In response, Intermedia's shares jumped some 40% in heavy midday trading thanks to the premium WorldCom is offering for the company. Digex shares have fallen more than 12%, to $73 7/8, in part because WorldCom has made clear, contrary to earlier expectations, that it is not planning to buy the shares of Digex that Intermedia doesn't own. Instead, WorldCom will own 55% of Digex and gain 94% voting control, and Digex will remain a publicly traded company. WorldCom 's shares were down about 8%, due in part to concerns over short-term profit dilution, according to Bloomberg.

Worldcom evolves
Today's transaction is a manifestation of WorldCom's continuing shift in focus to data and Internet services and away from its consumer voice business, which it is likely to dump one way or another in the next few months. While the company remains the nation's number-two long-distance carrier, such a moniker will become less and less useful as the company moves into the kind of Internet services that Digex provides.

"generation d"
As part of the company's so-called "generation d" initiative, WorldCom is already expanding its Internet services by spending $1 billion to build 120 Web-hosting centers. Nevertheless, according to WorldCom CEO Bernie Ebbers, the company's purchase of Digex "accelerates by 12 to 18 months our ability to provide world-class managed Web and application hosting services -- one of the highest growth markets in the industry."

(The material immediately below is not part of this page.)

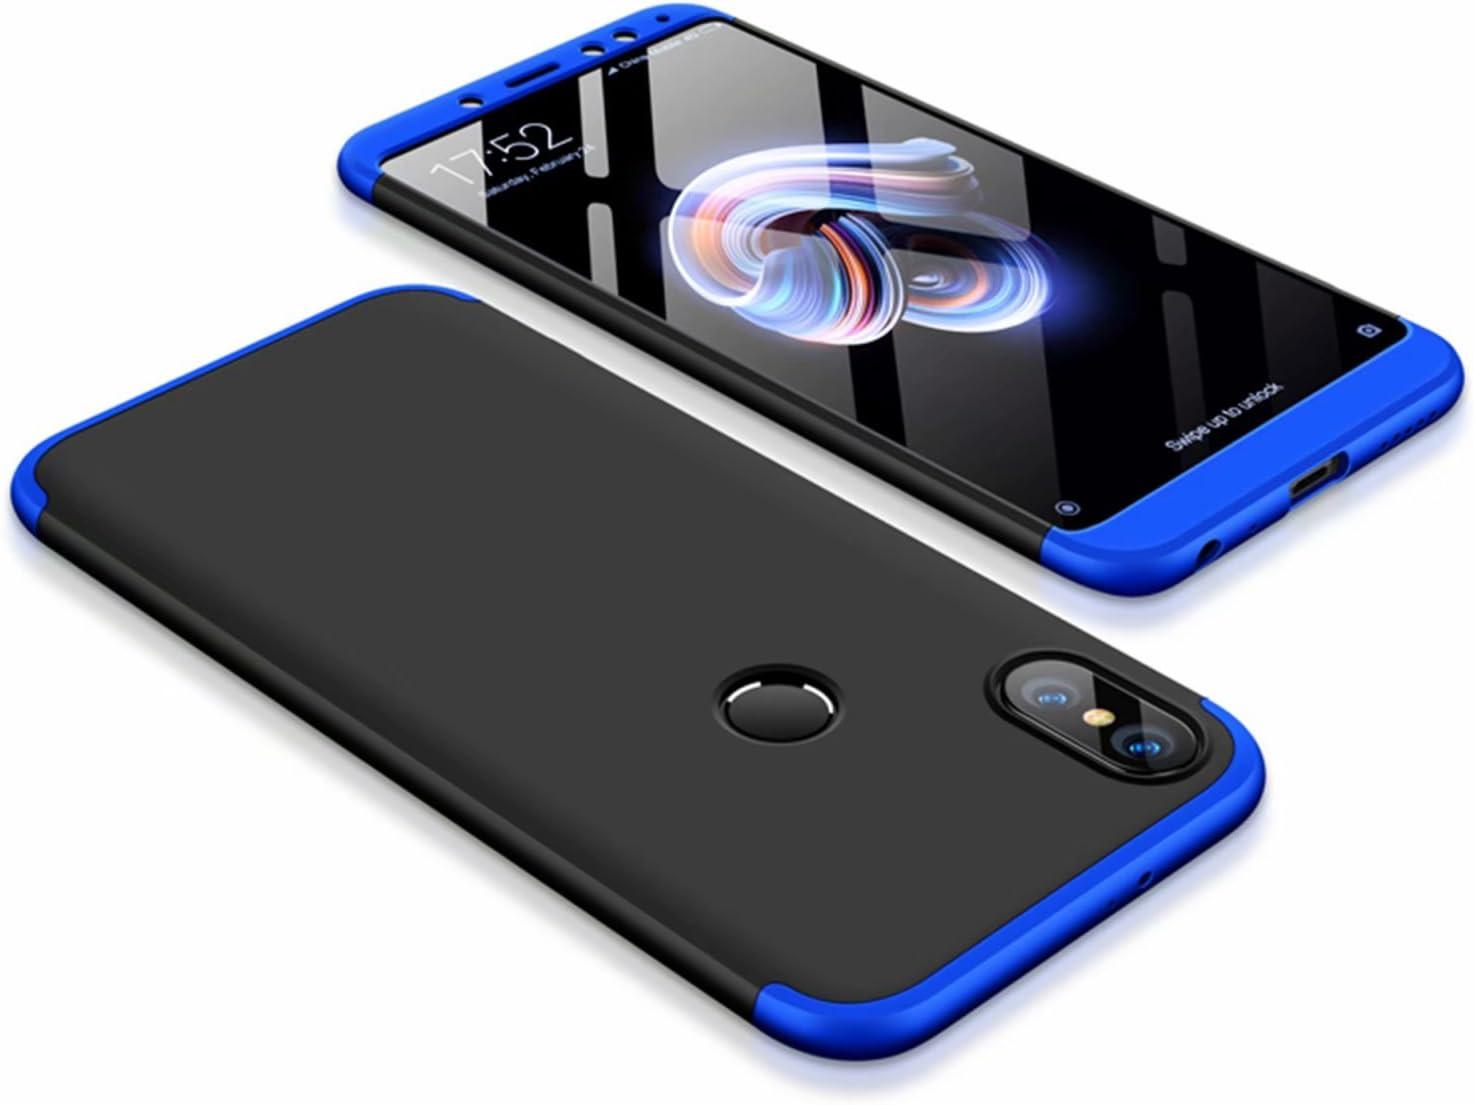 DESCHE compatibles con funda Xiaomi Redmi Note 5 Azul Negro, PC duro Cubierta protectora Ultrafino Anti-rasguños Parachoque Mate Phone Case - Azul Negro

Indeed, Web-hosting is a hot market right now. Prudential Securities expects it to grow at a 75% annual rate through 2004, from a $1.8 billion business in 1999 to $29.5 billion in 2004. Ebbers used different but still impressive figures in a conference call today, pegging the business at about $2.5 billion now and predicting it will reach $17 billion by 2004.

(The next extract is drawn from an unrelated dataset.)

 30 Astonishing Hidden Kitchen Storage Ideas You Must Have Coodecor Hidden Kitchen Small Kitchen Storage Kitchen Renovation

As a result, it's not surprising that larger telecom companies want in, and WorldCom's not the only one. In fact, Japan's NTT (NYSE: NTT) recently purchased Web-hosting firm Verio (Nasdaq: VRIO), and AT&T (NYSE: T) inked a deal today with IBM (NYSE: IBM) to provide the computer services company with Web-hosting facilities.

What makes Digex different?
Certainly one of the things that made Digex so attractive to WorldCom and other suitors is that it does more than simply provide basic "colocation" services for a company's website, as many of its competitors do. Instead, Digex provides comprehensive services that enable companies to outsource most of their Web and e-commerce operations, and it also provides hosting for application service providers. These more complex services earn higher-margin, recurring revenue.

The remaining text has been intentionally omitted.